#### [Supplied material]
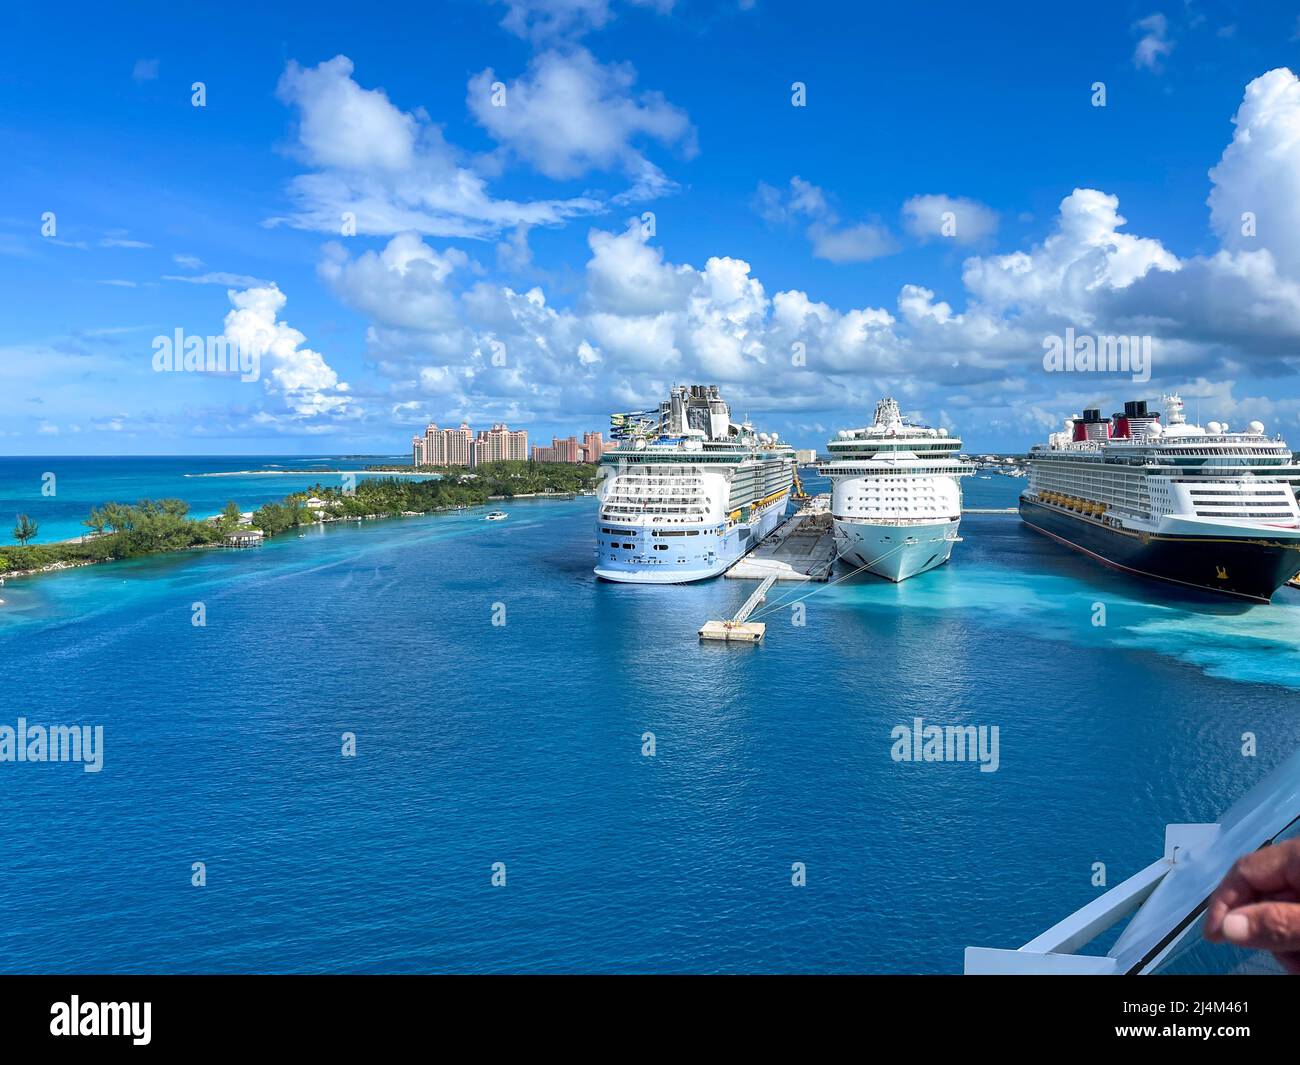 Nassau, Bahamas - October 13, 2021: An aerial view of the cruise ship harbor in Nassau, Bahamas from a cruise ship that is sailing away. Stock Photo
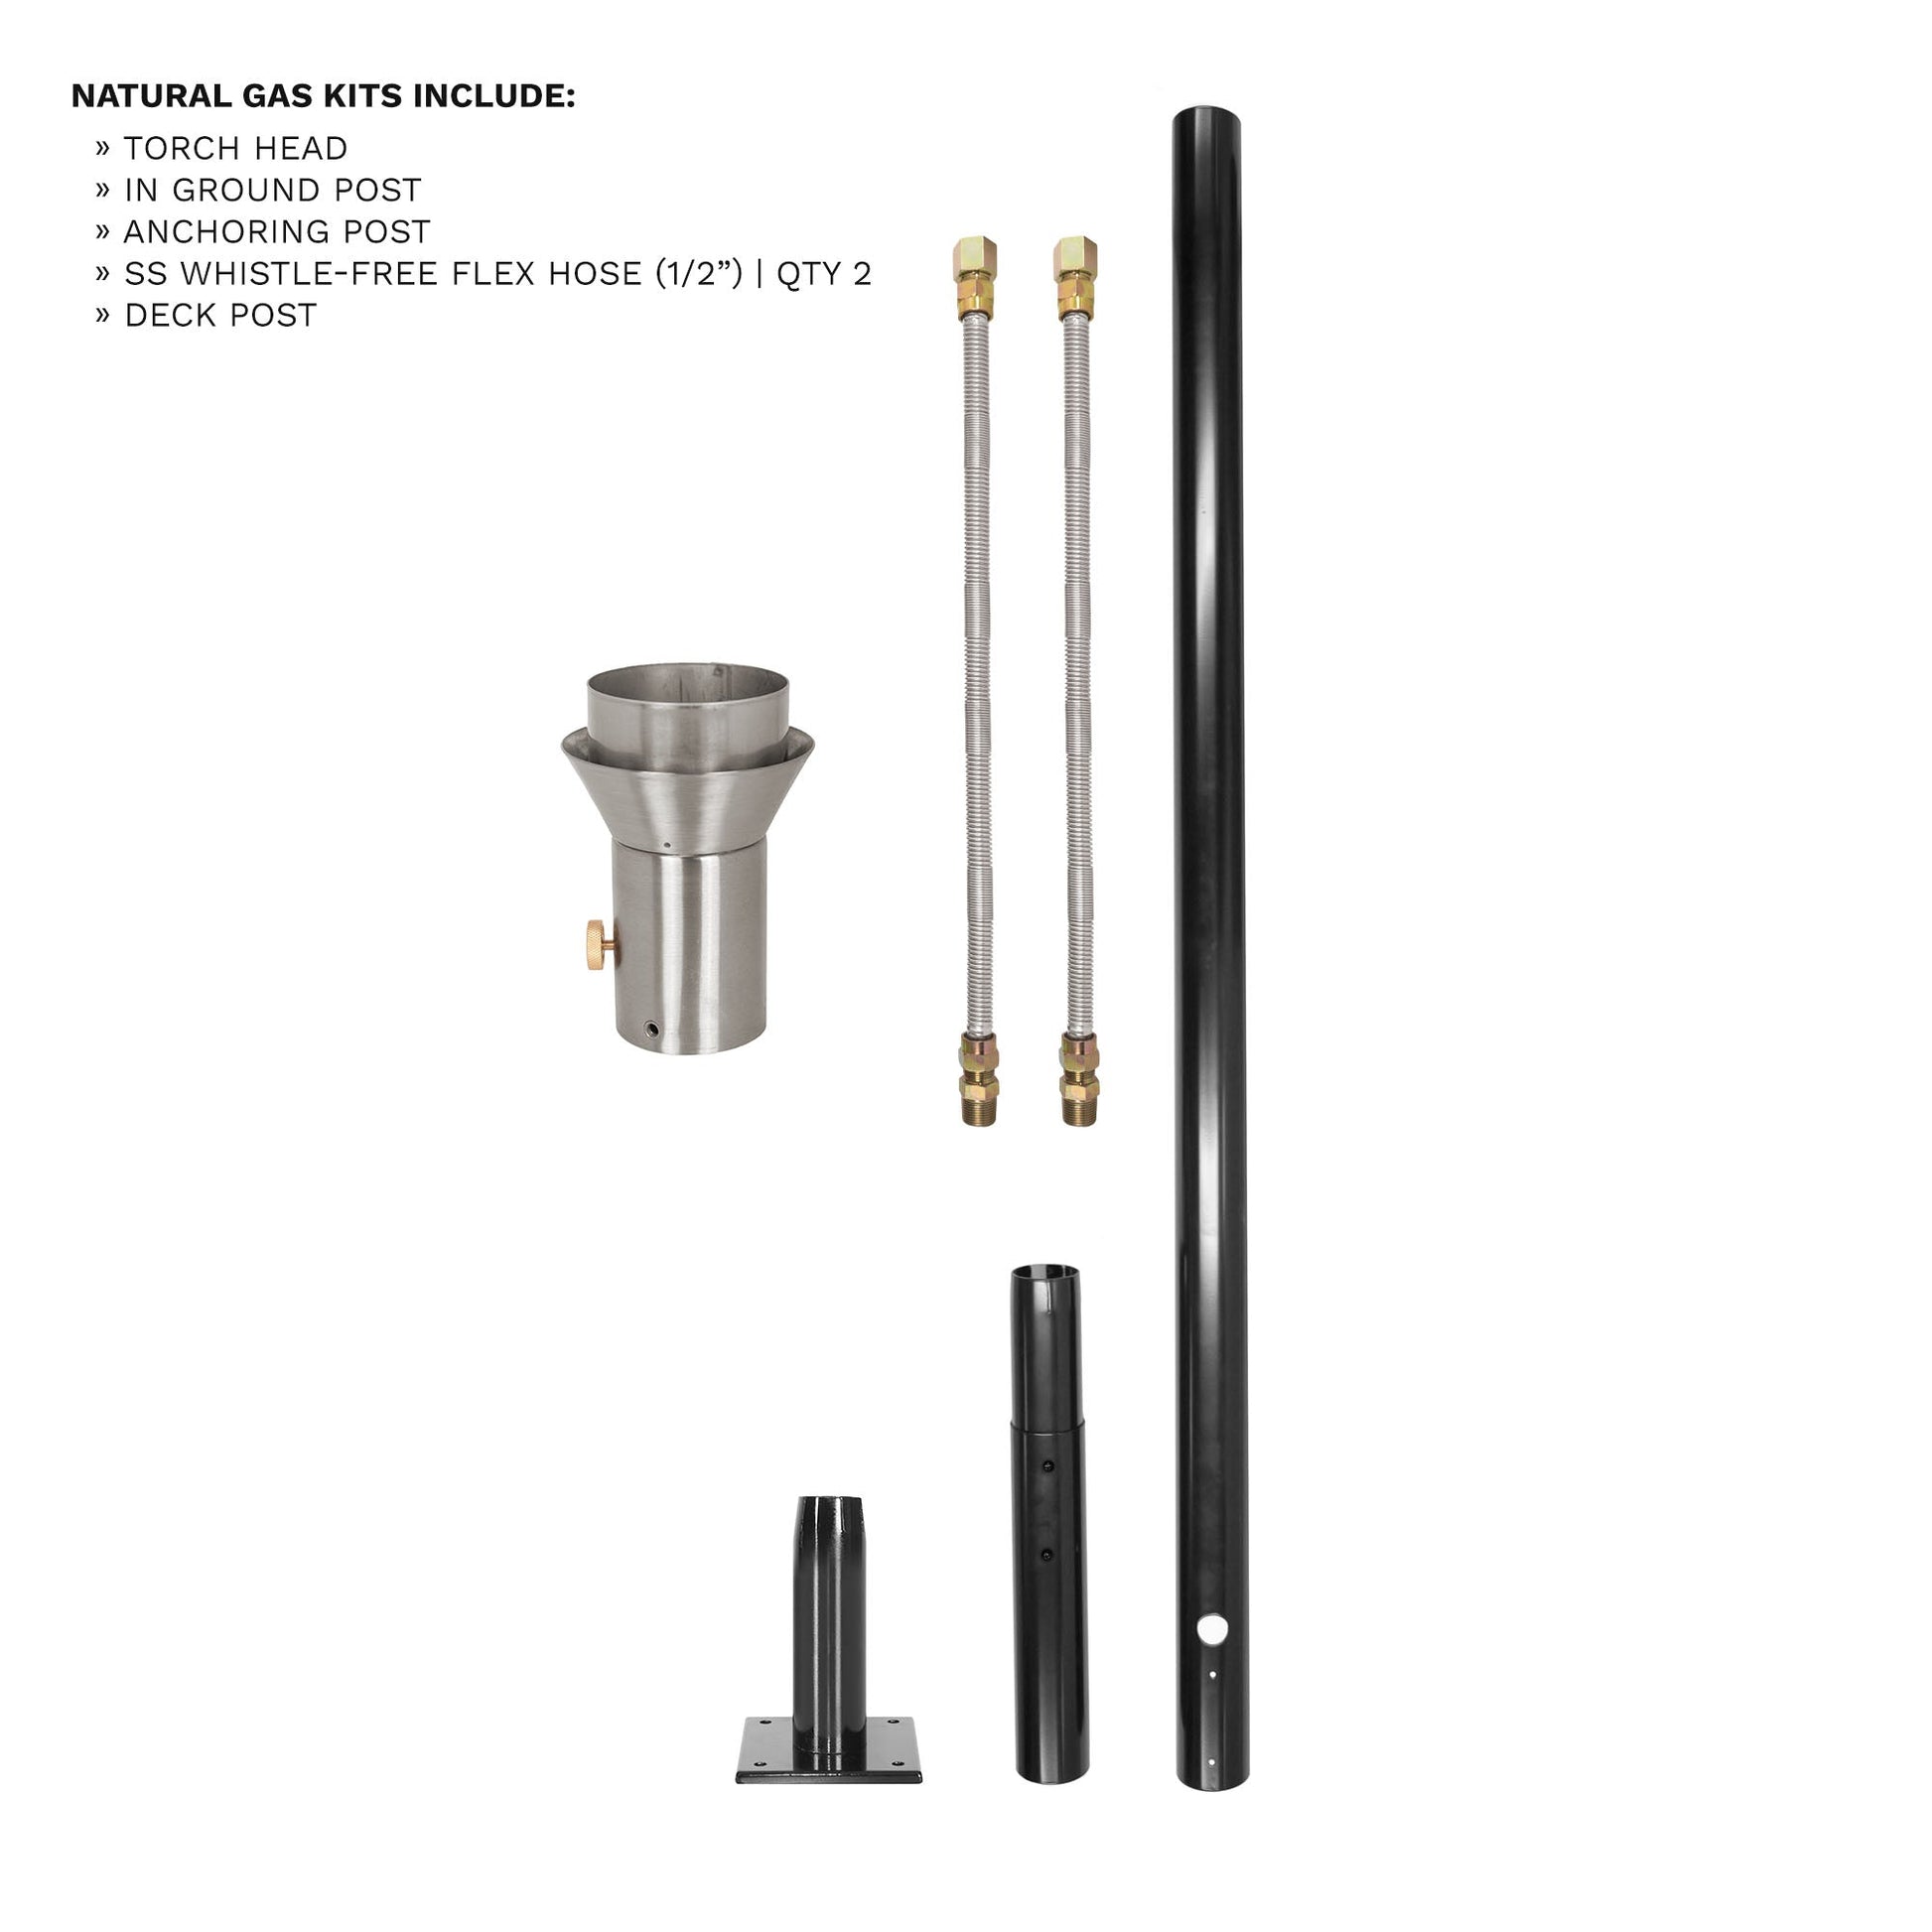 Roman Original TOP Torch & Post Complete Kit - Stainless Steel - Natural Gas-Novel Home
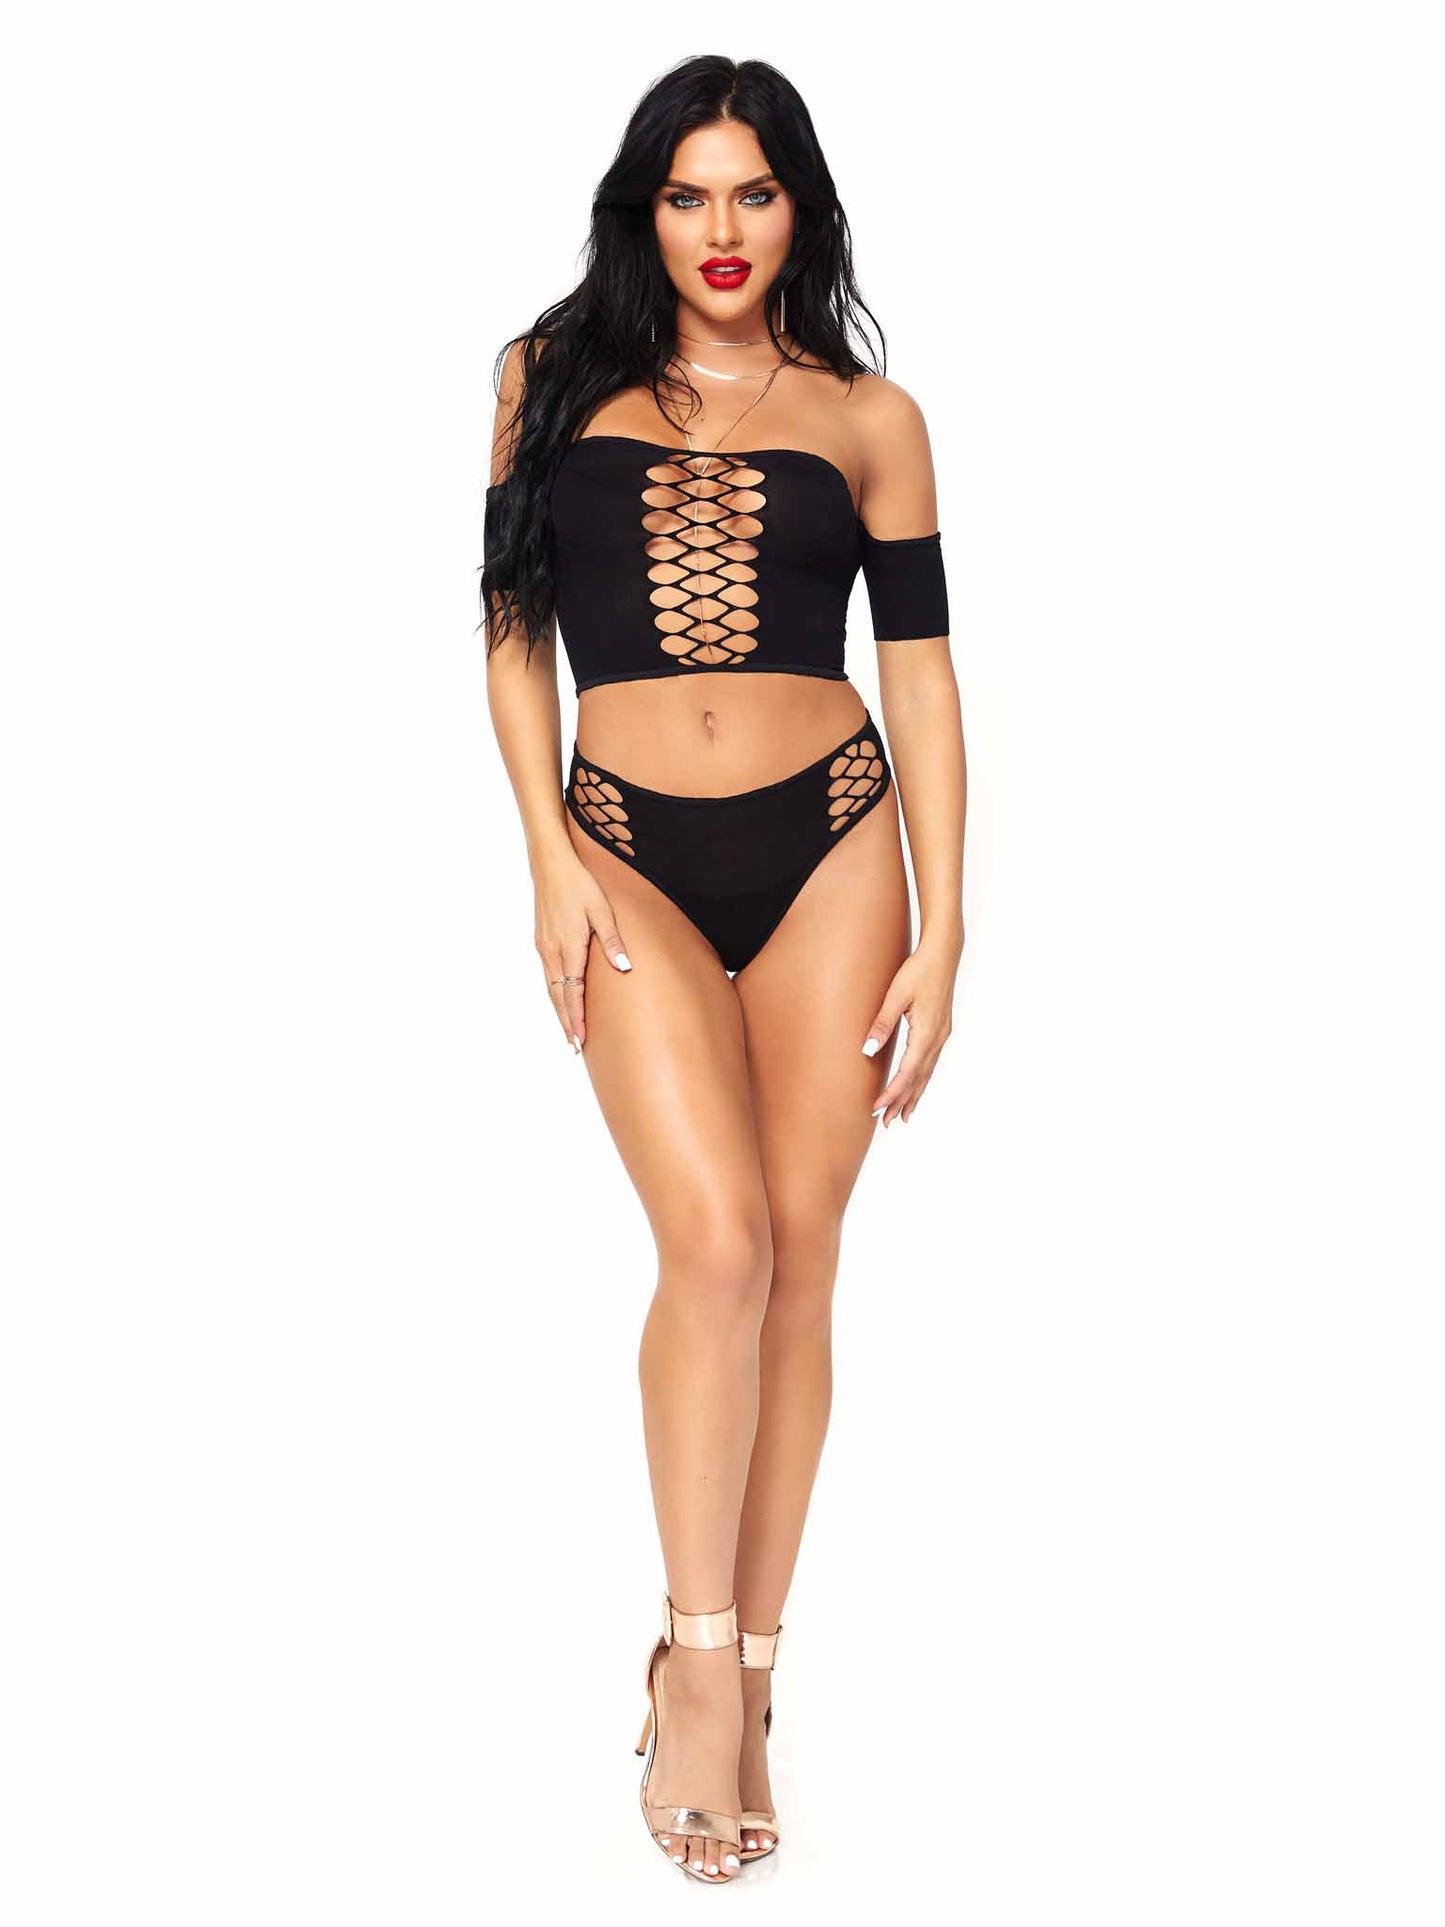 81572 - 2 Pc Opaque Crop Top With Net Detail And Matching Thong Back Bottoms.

#### [Task goal]
What you should repeat exactly is the run of lines from the top of the listing above through the line with "Roman Original TOP", without pictures.

#### [Written response]
 Nassau, Bahamas - October 13, 2021: An aerial view of the cruise ship harbor in Nassau, Bahamas from a cruise ship that is sailing away. Stock Photo
 Roman Original TOP Torch & Post Complete Kit - Stainless Steel - Natural Gas-Novel Home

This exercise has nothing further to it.